Sua boca vai descendo pelas minhas costas, me causando calafrios. As bandinhas são abertas, e sua língua vai direto no meu cuzinho, minhas pernas tremem.
Depois de deixar meu anelzinho todo lambuzado, ele se ergue, passa saliva na cabeça do pau, e se encaixa atrás de mim.
Ahhhh...deslizou gostoso para dentro.
Assim que a rola fica toda alojada, ele volta a morder meus ombros, aperta meus peitinhos, e inicia o vai e vem.
Bea gemia bastante, e falava muitas bobagens o meu ouvido...eu estava entregue, e curti suas estocadas incessantes.
Quando disse que iria gozar, ele colou seu corpo no meu, e despejou seus jatos quentinhos dentro de mim. Louco de tesão, fiquei rebolando no pau dele, e acabei gozando sem tocar no meu pau.
Assim que o pau parou de pulsar, Bea voltou a socar, o "danado" ainda estava duro. Agora, o vai e vem foi frenético, e demorado. Suado, ele chegou a dar algumas paradinhas para recuperar o fôlego, mas não tirou o pau de dentro.
Eu gemia e me contorcia no pau dele...o homem gostoso, me deixou com fogo do começo ao fim.
Ele segue estocando, e eu acabo gozando...de novo...sem nem tocar no pinto.
Quando está para gozar, ele geme alto, morde meu ombro, e goza...como goza...ahhhh...que delícia.
Mesmo com o pau amolecido, ele continua engatado, me dá mais algumas mordidinhas, recupera o fôlego e fala:
_Caralho moleque...foda gostosa da porra.. uhhh.

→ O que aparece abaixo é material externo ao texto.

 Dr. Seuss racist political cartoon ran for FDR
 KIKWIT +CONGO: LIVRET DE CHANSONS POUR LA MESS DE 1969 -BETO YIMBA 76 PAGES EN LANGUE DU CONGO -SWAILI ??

Pena que eu tenho uns negócios para resolver, senão ia descansar e dar mais uma....
_Tenho que ir embora...já está tarde...
_Beleza...vai se limpar que eu vou te levar...
Quando chegou perto de casa, falei para ele parar o carro.
_Você mora aqui?
_Não...na rua de trás...
_Então te deixo lá...
_Não...se meu vô estiver no portão, não vou conseguir explicar que estava na casa de um colega da escola...
_Tá bom...tá bom...a gente se vê por aí....
Foi dito e feito, meu vô estava no portão, e me questionou pelo fato de estar chegando aquela hora.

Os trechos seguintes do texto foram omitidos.